Friday, June 01, 2007

God, cops and criminals

Public figures regularly invoke the name of God or some higher power when they achieve some accomplishment or recognition. So I only half paid attention when the new police chief, Col. Henry Whitehorn, thanked God when he took the podium at the press conference last night. But then he came back to the almighty saying that God has a plan.

That caught my attention. He didn't immediately elaborate on the plan, and Channel 12 returned to CSI just after that, so I'm not sure if anything else came up. But I was struck that this is a man who sees himself working for a higher authority than himself, the mayor or even the citizens of Shreveport. I hope so. Because, quite frankly, I'm not sure that the police chief can prevent most crime.
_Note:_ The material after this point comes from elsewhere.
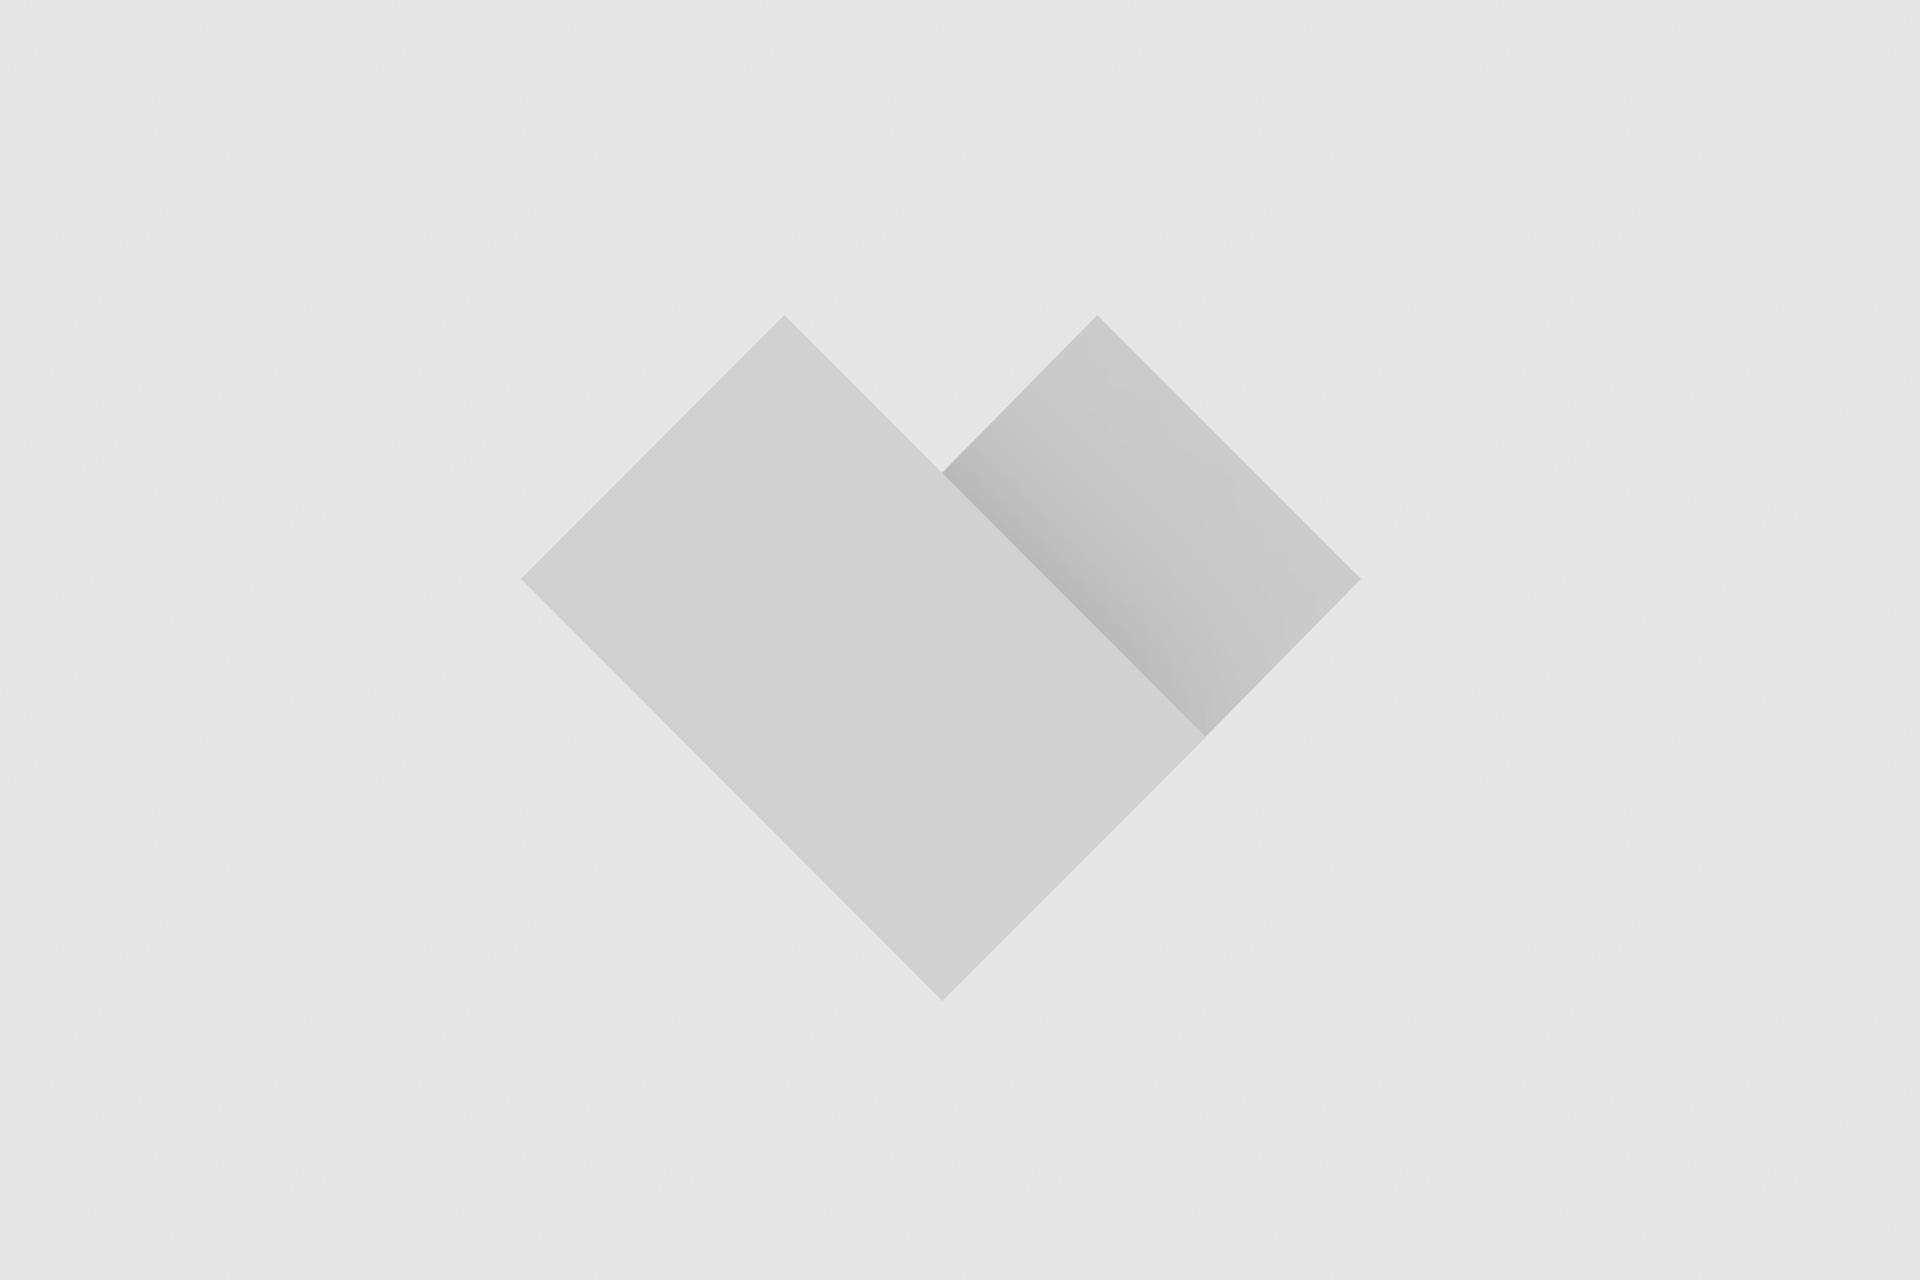 Zmiany w aplikacji – 1 kwietnia 2019

The Rev. Bobby Joe Cooper paid me a visit this morning and without me asking he brought up the issue.

"Every week people are killing each other. The new police chief is not going to stop that. The only solution is Jesus Christ."

Cooper is on to something. He's been walking the streets, evangelizing in hopes of making a difference.
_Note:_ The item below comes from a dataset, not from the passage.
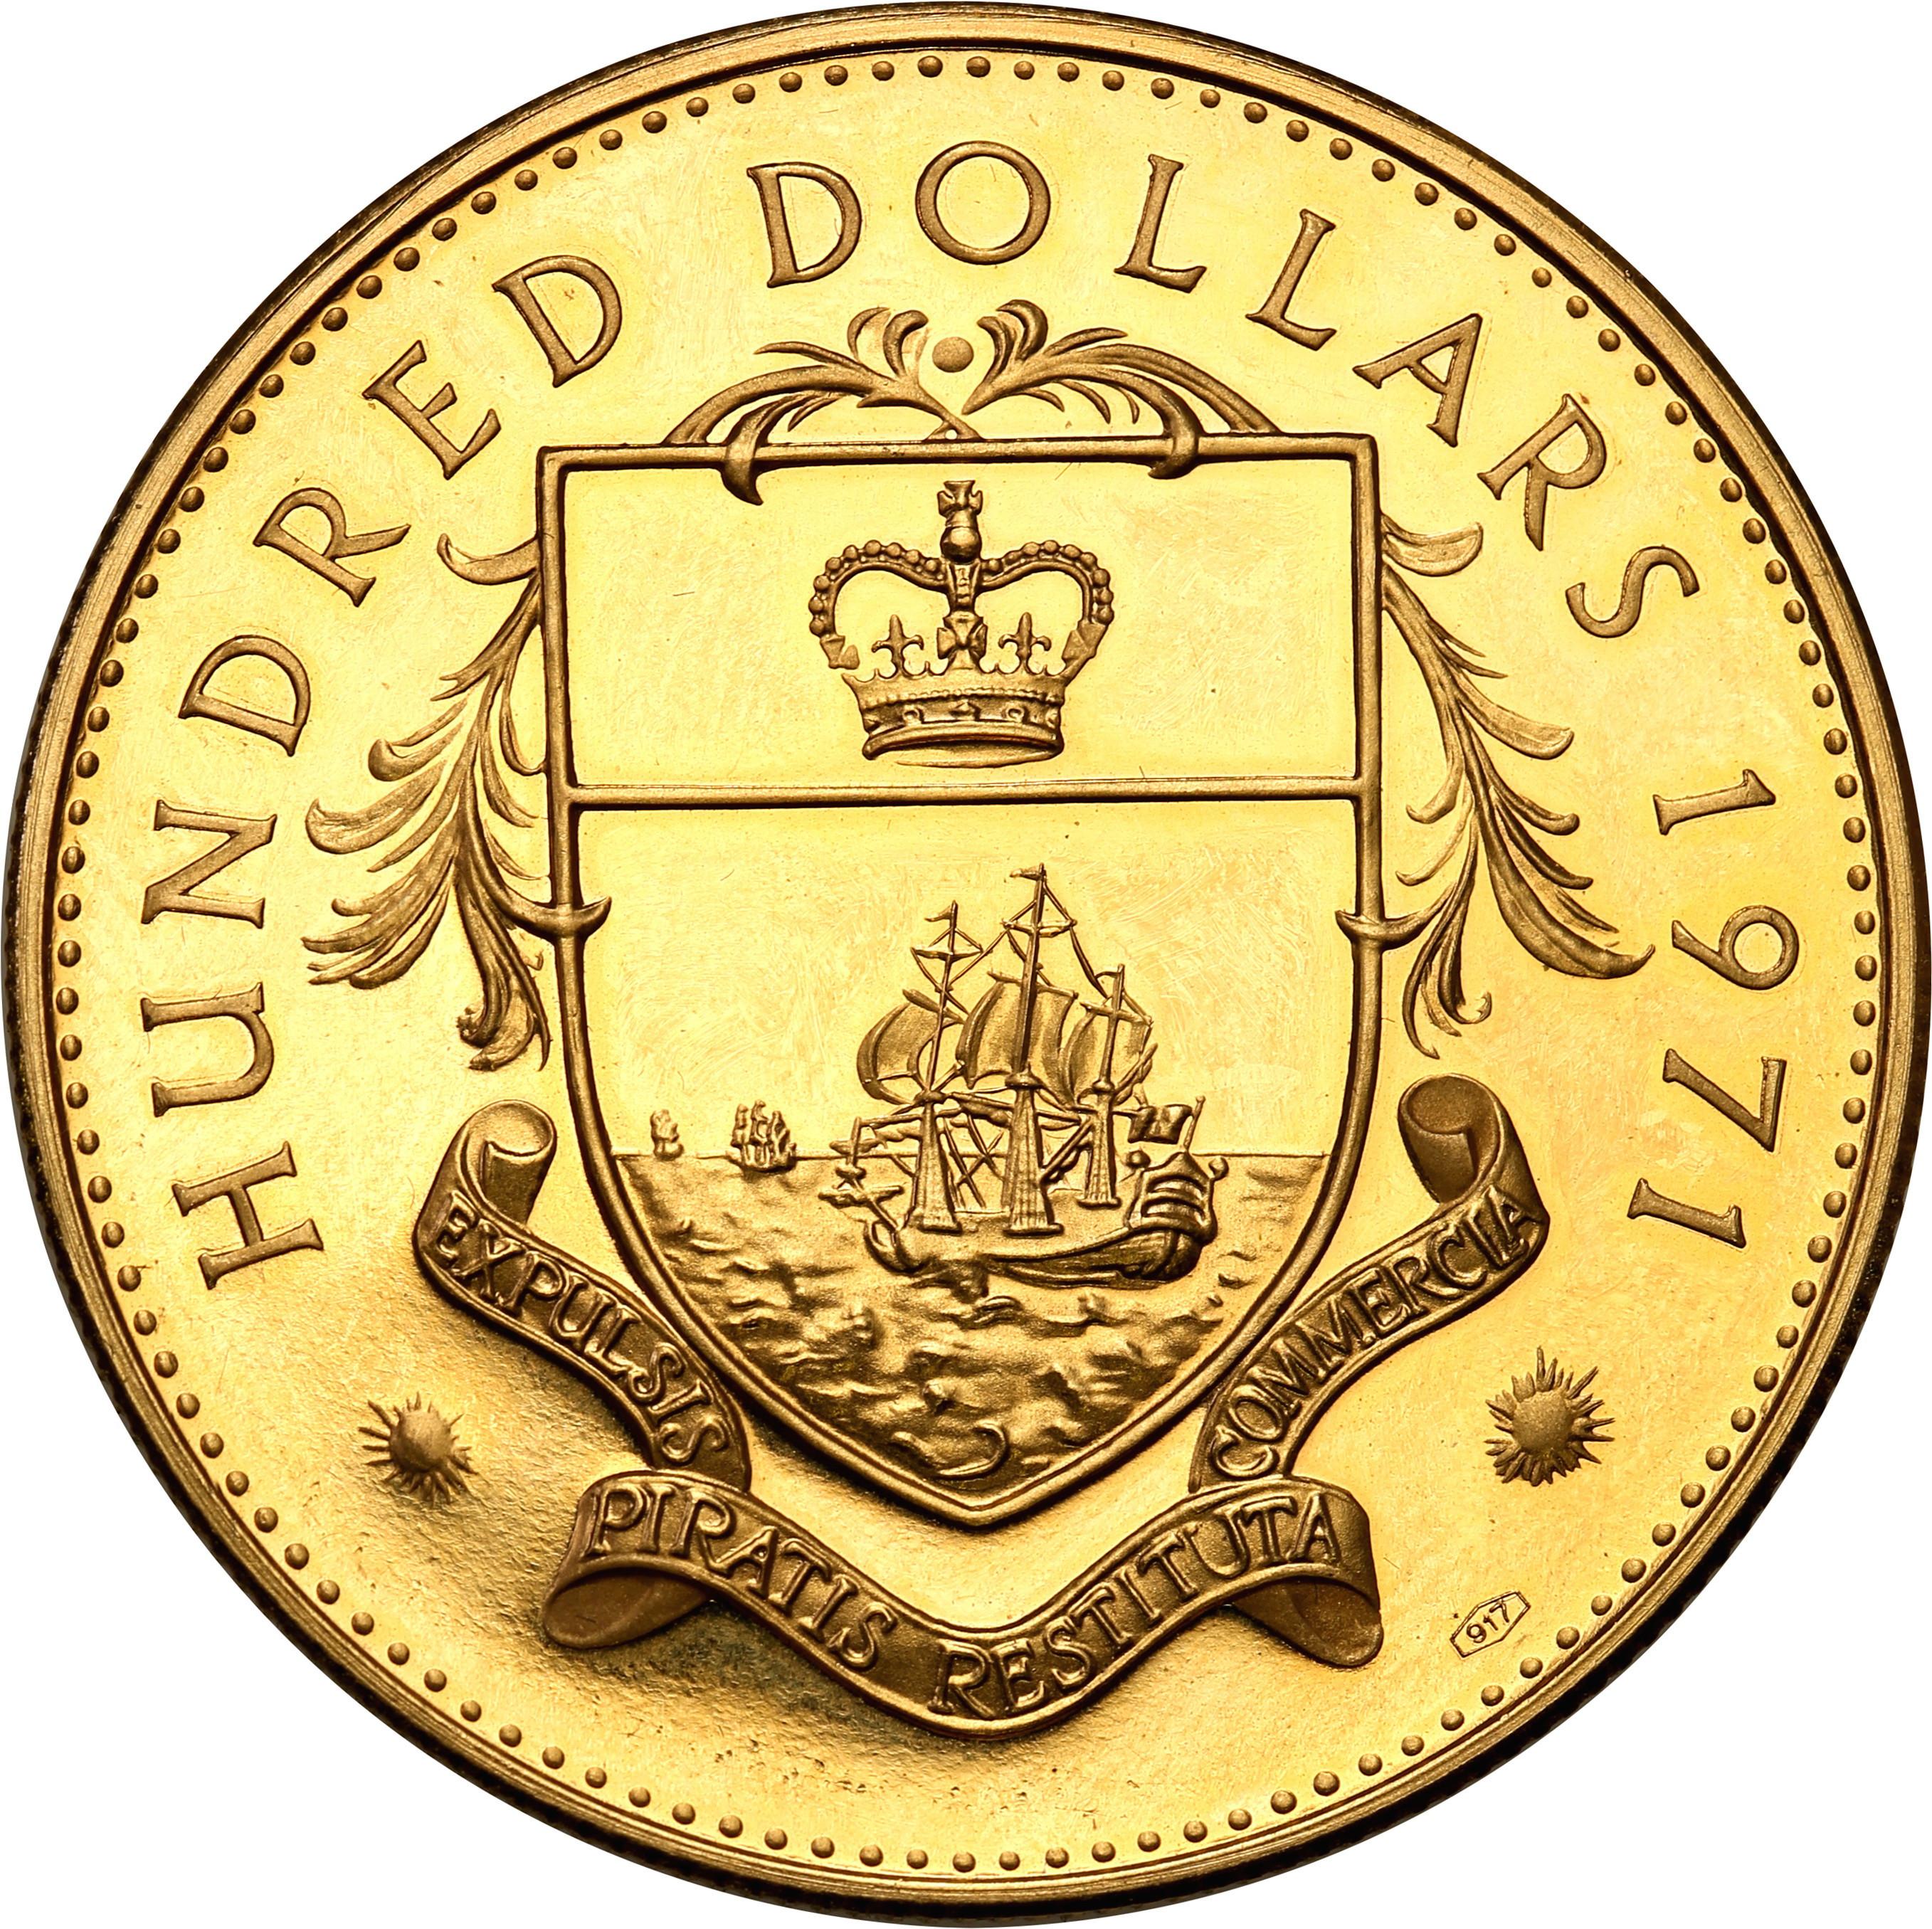 Bahamas. Eliżbieta II. 100 dolarów 1971 st.1/1-

Maybe if we all leaned on some higher power (It doesn't have to be Jesus. All world religions condemn senseless violence, and secular humanists would see it as impractical.) then our city might be safer.

4 comments:

Tom said...

I appreciate your desire to include all "faiths" in condeming violence, but I'm not sure secular humanists find violence impratical.
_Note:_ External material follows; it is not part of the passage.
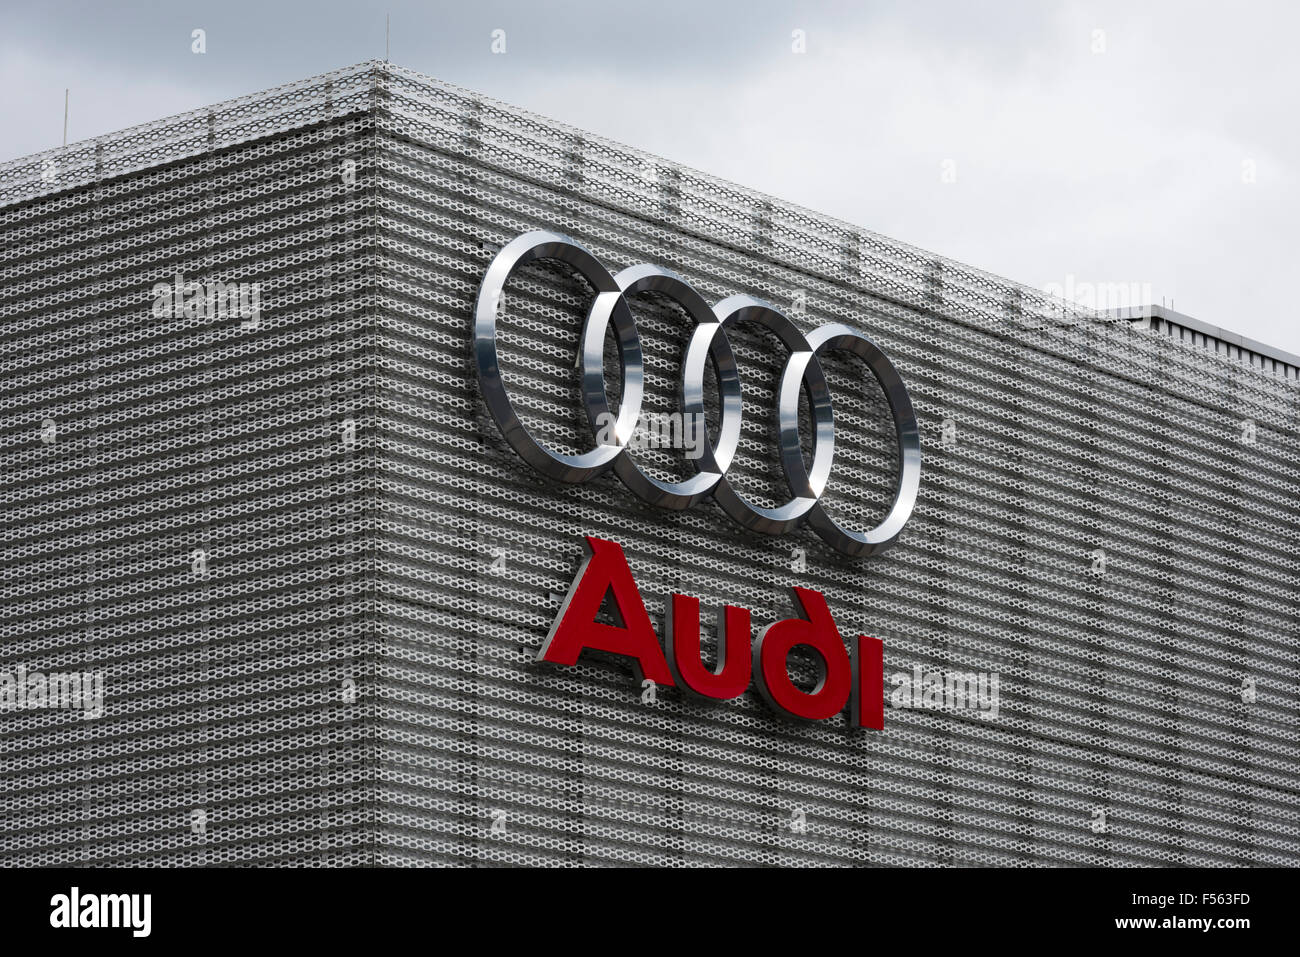 vor ort 16.06.2015, berlin, berlin, deutschland - das audi-logo auf

The greatest crimes against humanity were made by people who professed secular humanism. Communism alone was responsible for 100,000,000 deaths last century. This doesn't include facism and other forms of extemism.

When people fail to recognize a higher power, they have nothing to keep them from causing the greatest attrocities.

Religious people certainly are not immune from participating in sin, but by in large, atheisms has cause more suffering in the short time it has been popular.

Tom said...

I should add that you are absolutely right about a higher power being needed to help curb criminal behavior.

Diane Haag said...

I don't know Tom. Based on what little I know of secular humanism as practiced by average people, it still recognizes ethics and the need for some sense of order for a functioning society. Random violence doesn't fit into an orderly society.

Tom said...

Random violence is one thing. But there is nothing preventing a secular humanist from advocating targetted violence.

As the baby boomers continue to age and Medicare and Social Security bills sky rocket, a practical solution may be to euthanize the old and infirm. Why pay huge medical costs for someone who doesn't have long to live? Why not just put them out of their misery? It would be good for society economically.

When is to prevent a secular humanist from taking such a position?